Paris – Der französische Geheimdienst DGSI hat nach Angaben des Innenministeriums einen Anschlag auf die Marine in der südfranzösischen Hafenstadt Toulon vereitelt. Ein seit einem Jahr wegen Radikalisierung und Unterstützung von Islamisten beobachteter Verdächtiger sei am 29. Oktober festgenommen worden, teilte Innenminister Bernard Cazeneuve am Dienstag mit.

Unter Beobachtung stand der Mann, weil er Ende vergangenen Jahres vergeblich versucht haben soll, nach Syrien zu gelangen. Der Mann soll versucht haben, Material für einen Anschlag zu besorgen.

Nach Informationen des TV-Senders Canal plus handelt es sich um einen 25-Jährigen aus Toulon. Der Mann sei den Ermittlern in die Fänge geraten, als er Pakete aus China unter anderem mit einem Kampfmesser erhalten habe. Er sei mit einem 21 Jahre alten französischen Jihadisten in Kontakt gestanden, der inzwischen in Syrien lebe und ihn zu Anschlägen auf den Marinestützpunkt in Toulon animiert haben soll. Per Internet habe er sich mit ihm über den Kauf eines Sturmgewehrs ausgetauscht.

Kein genauer Plan

Der Mann habe vorgehabt, Marinesoldaten anzugreifen, berichtete Canal plus unter Berufung auf Quellen im Geheimdienst. In einer anderen Quelle war von einem Anschlag auf militärische Einrichtungen die Rede. Wie aus Ermittlerkreisen verlautete, hatte der Festgenommene aber noch keinen genauen Plan für ein Attentat.
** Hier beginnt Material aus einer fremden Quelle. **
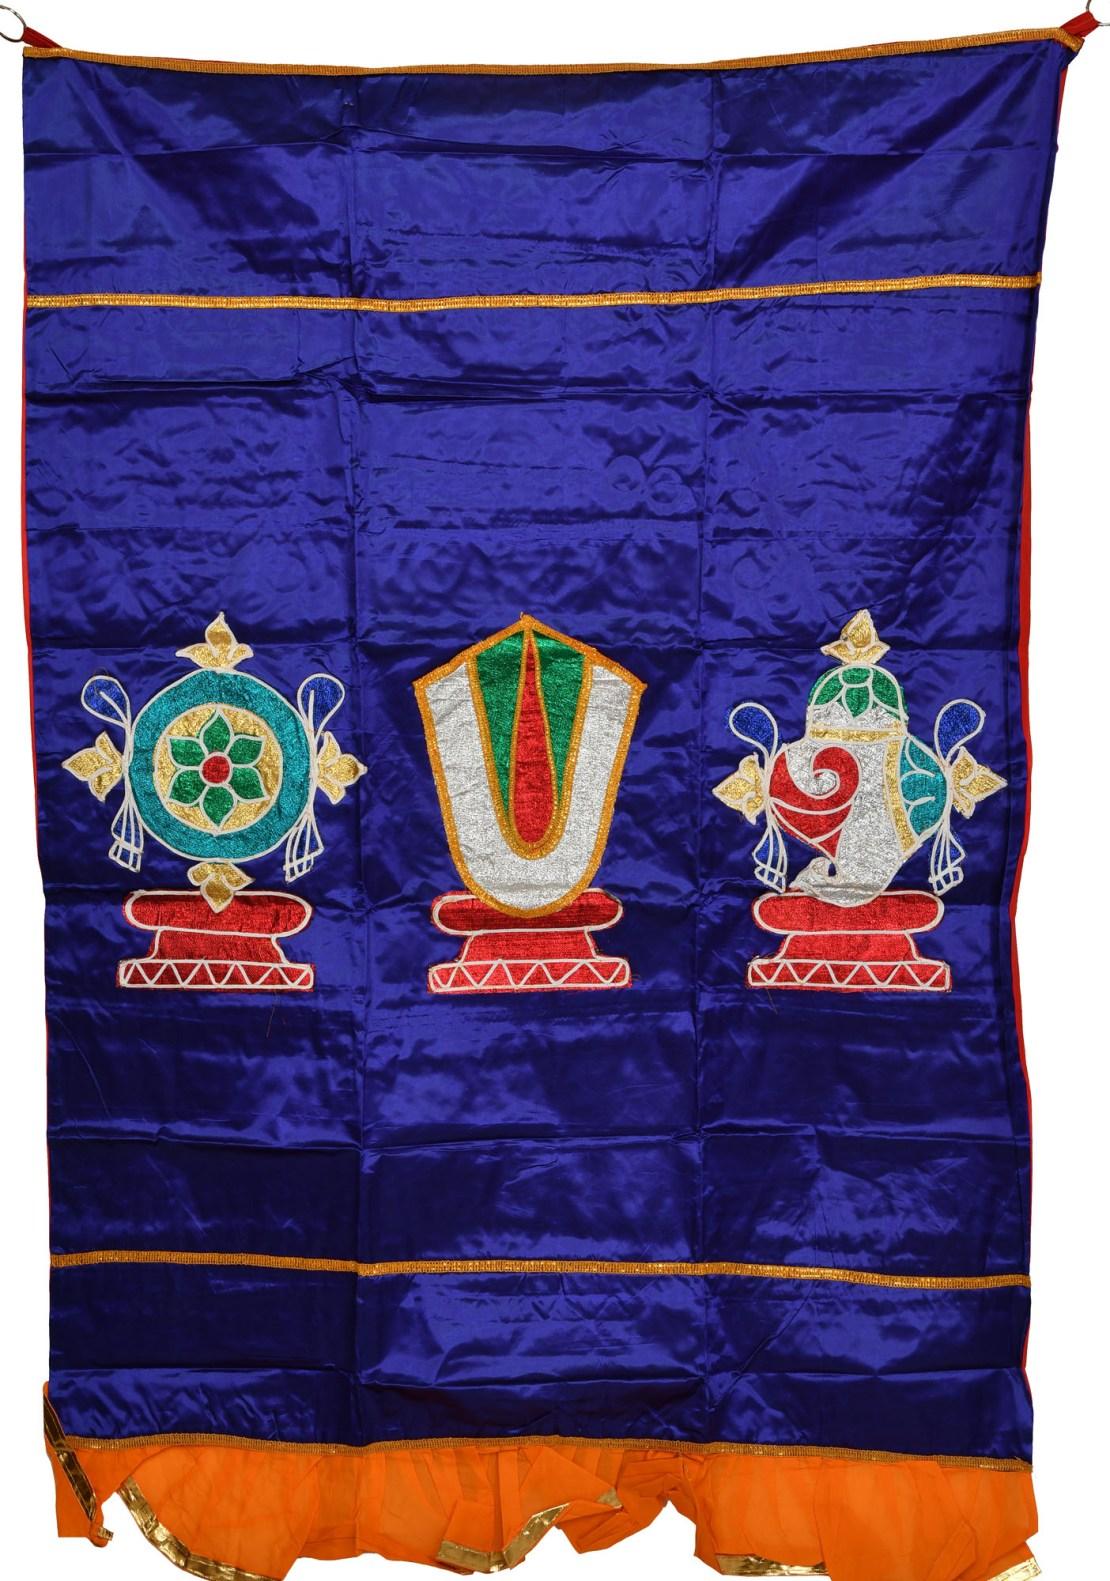 Clematis Blue Auious Temple Curtain With Vaishnava Symbols In Applique
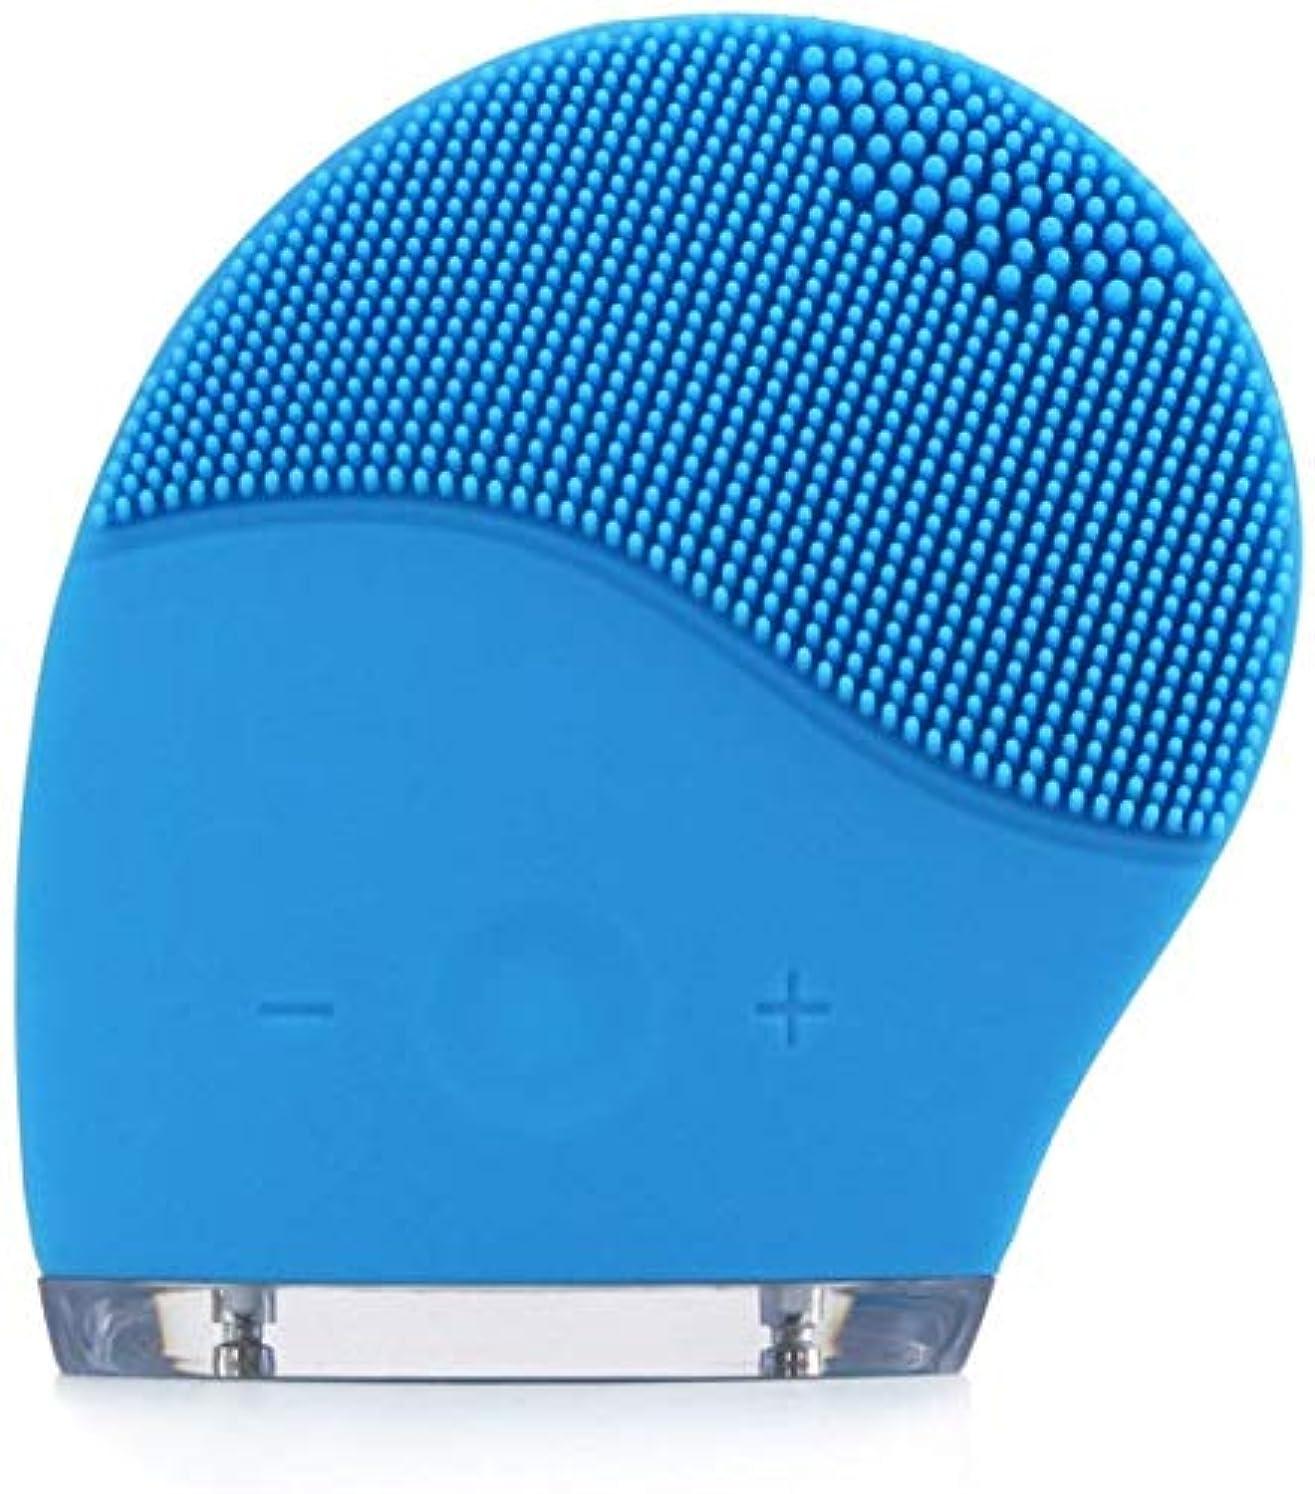 取り扱い優しいカセット洗顔ブラシ、ブラシ防水アンチエイジングスキンクレンザーフェイシャルポーランドやスクラブのためのディープエクスフォリエーターのメイクツールマッサージャー電気シリコーンフェイス

Cazeneuve berichtete von 370 Festnahmen im Zusammenhang mit dem Kampf gegen den Terror, nannte dafür aber keinen Zeitraum. Frankreich, das in mehreren Ländern Krieg gegen Islamisten führt, war in diesem Jahr mehrfach Ziel von Terroranschlägen. Mit der Attacke auf das Satiremagazin "Charlie Hebdo" begann im Jänner eine dreitägige Terrorserie mit 20 Toten, darunter die drei Täter. (APA, 11.11.2015)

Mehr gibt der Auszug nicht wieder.